Year 4, Month 12, Day 2: Just Tryin’ To Make A Livin’ And Doin’ The Best I Can

The Tampa Bay Times, on rising waters and insurance rates:

ST. PETERSBURG — Nearly 40 real estate agents packed the sweltering conference room in downtown St. Petersburg this week to hear flood insurance expert Pete Travis describe the new — and expensive — world coming Oct. 1.

He didn’t pull any punches.

Many older homes in flood zones have long benefited from a big subsidy that kept flood insurance rates very low. Starting next month, those homeowners will typically see annual rates jump more than 20 percent, including a fee for a new reserve fund. A late payment could cost them their subsidy immediately.

If the owner sells the home, the buyer will lose the subsidy. That could, as in one scenario, raise a premium that had been $1,400 a year to $9,500.

Travis wasn’t hopeful of a congressional reprieve in the next couple of weeks.

“Have I demoralized everyone here?” he asked.

Concern about rising flood insurance rates — triggered by the Biggert-Waters Act of 2012 — has been percolating for months. Now, just weeks before the law’s main provisions take effect, real estate agents and communities from Apollo Beach to Treasure Island are galvanizing, worried about falling property values, busted real estate sales and a crippling effect on the broader economy.

People gettin’ hammered, everywhere. November 21:

A phrase we’ve heard all too often from our conservative politicians is “nobody anticipated.” “Nobody” anticipated New Orleans’ crumbling levees in New Orleans, the environmental consequences of oil spills, or the fact that cutting public works funding results in failing infrastructure. And “nobody” anticipated the devastating floods which are becoming a fact of life for coastal Floridians.

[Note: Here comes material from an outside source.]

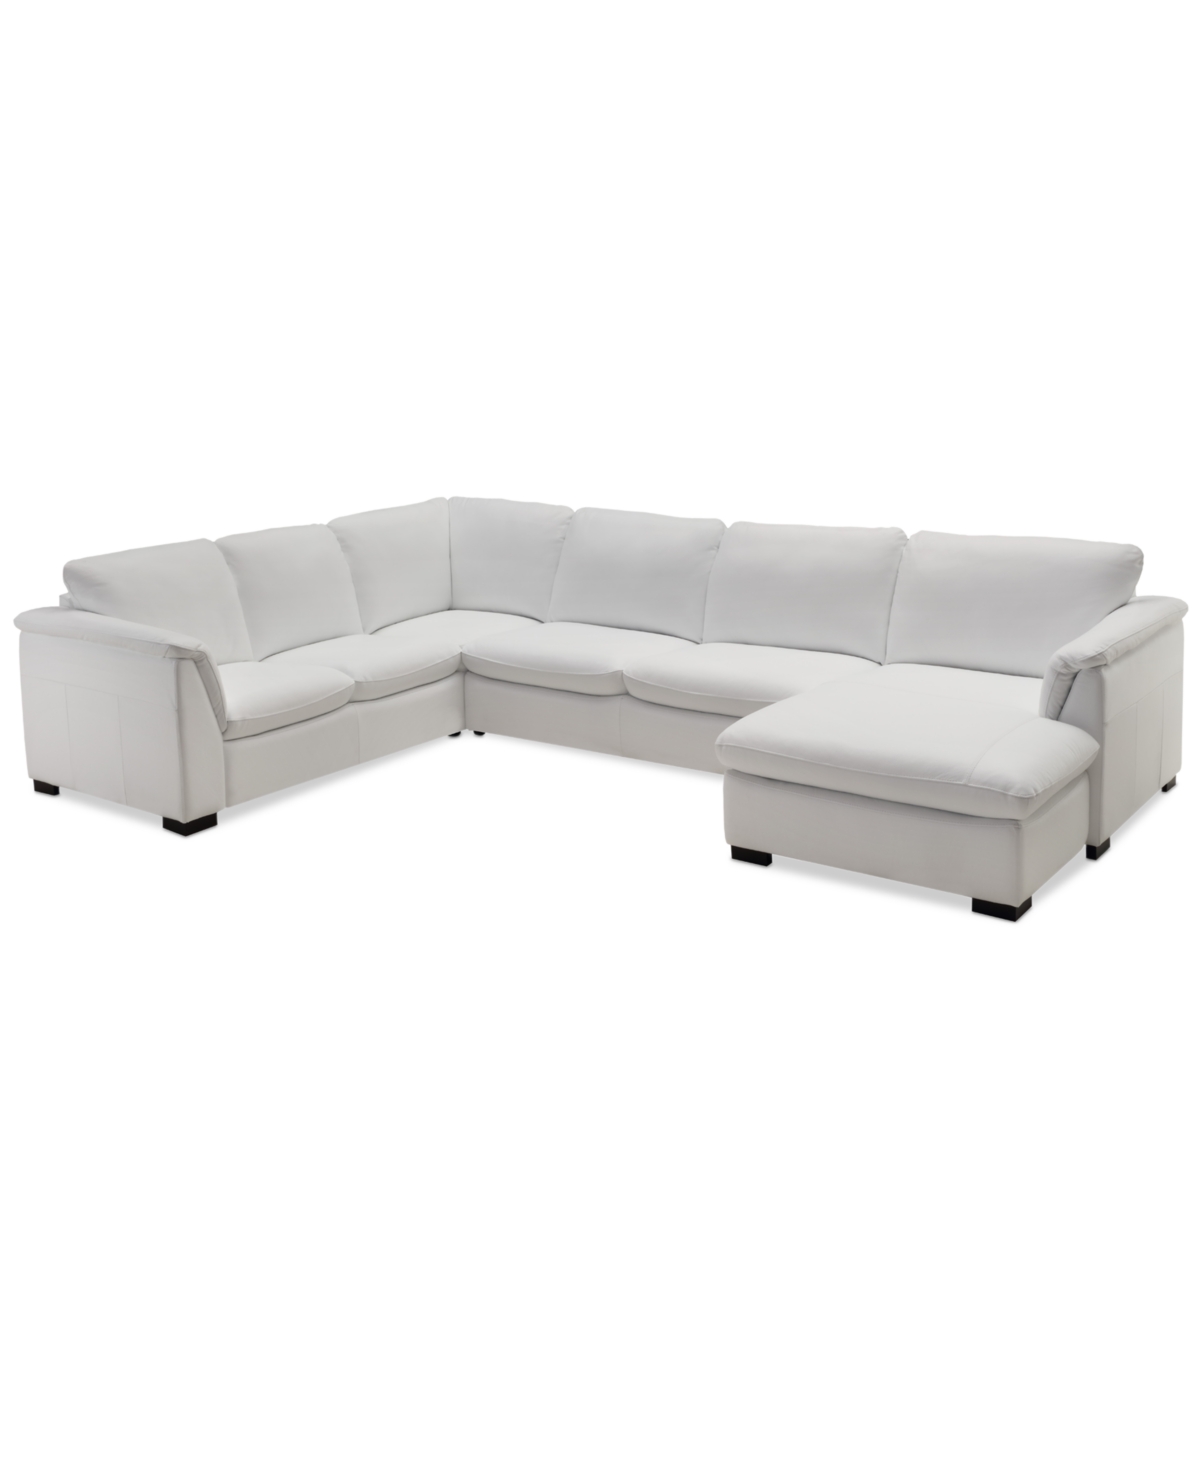 Furniture Arond 144" 3-pc. Leather Sectional With Chaise, Created For Macy's In Sand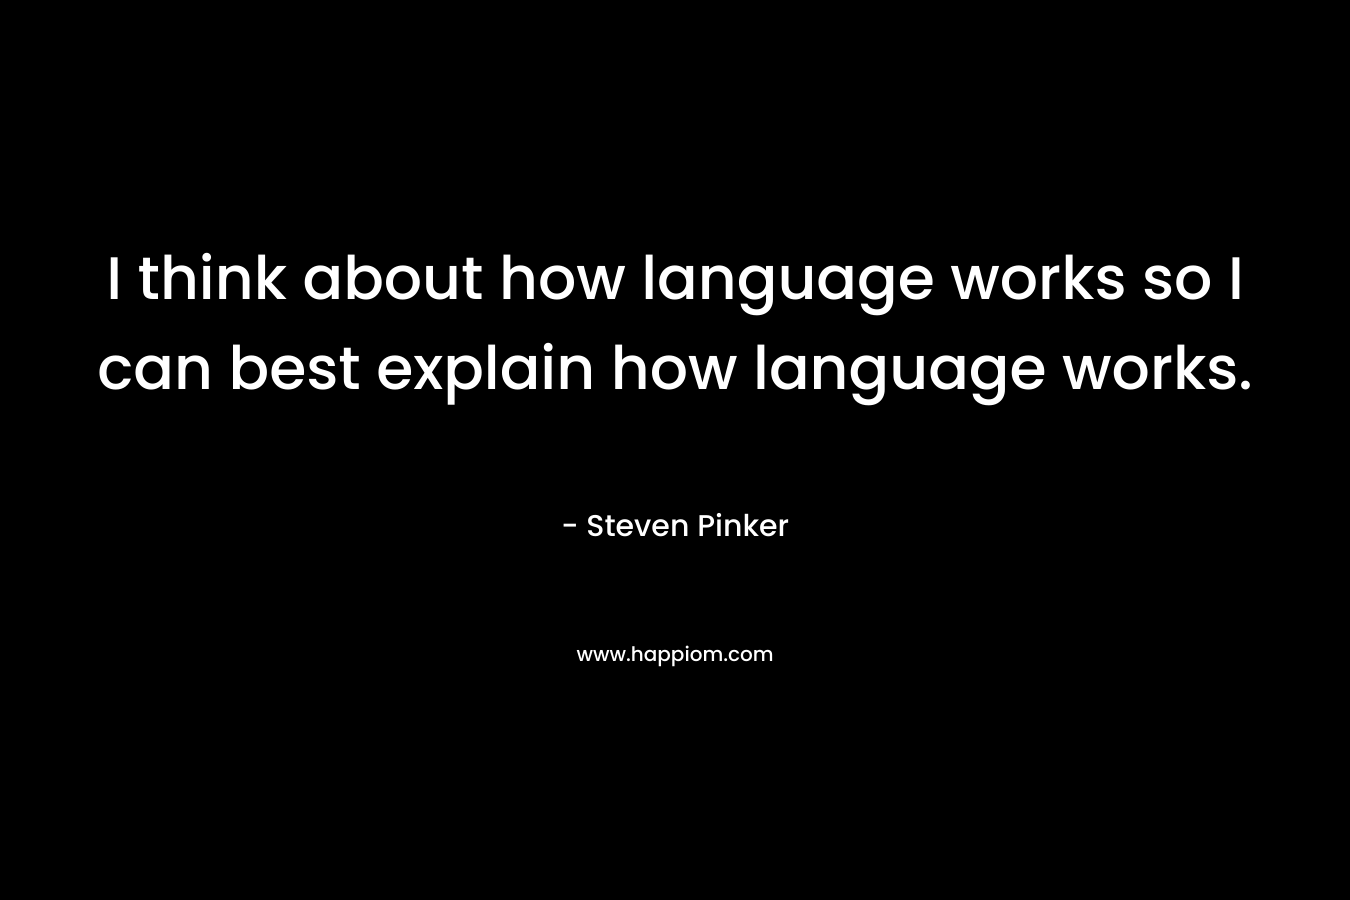 I think about how language works so I can best explain how language works.

“Nobody,” that is, except environmentalists, scientists, and insurance companies. That latter group, of course, depends on accurate predictions for its continued profitability. Unfortunately, when it comes to issues of climate, the Republican Party has now abandoned any attempts at fact-based policy.

Thanks to zealous Tea-Party politicians and their constituents, the measured predictions of insurance companies contemplating a climatically-transformed future no longer have any influence on Republican policy-making.

Apparently nobody anticipated that a political movement built on ideological opposition to science and expertise would bring skyrocketing expenses for homeowners facing the impacts of global climate change.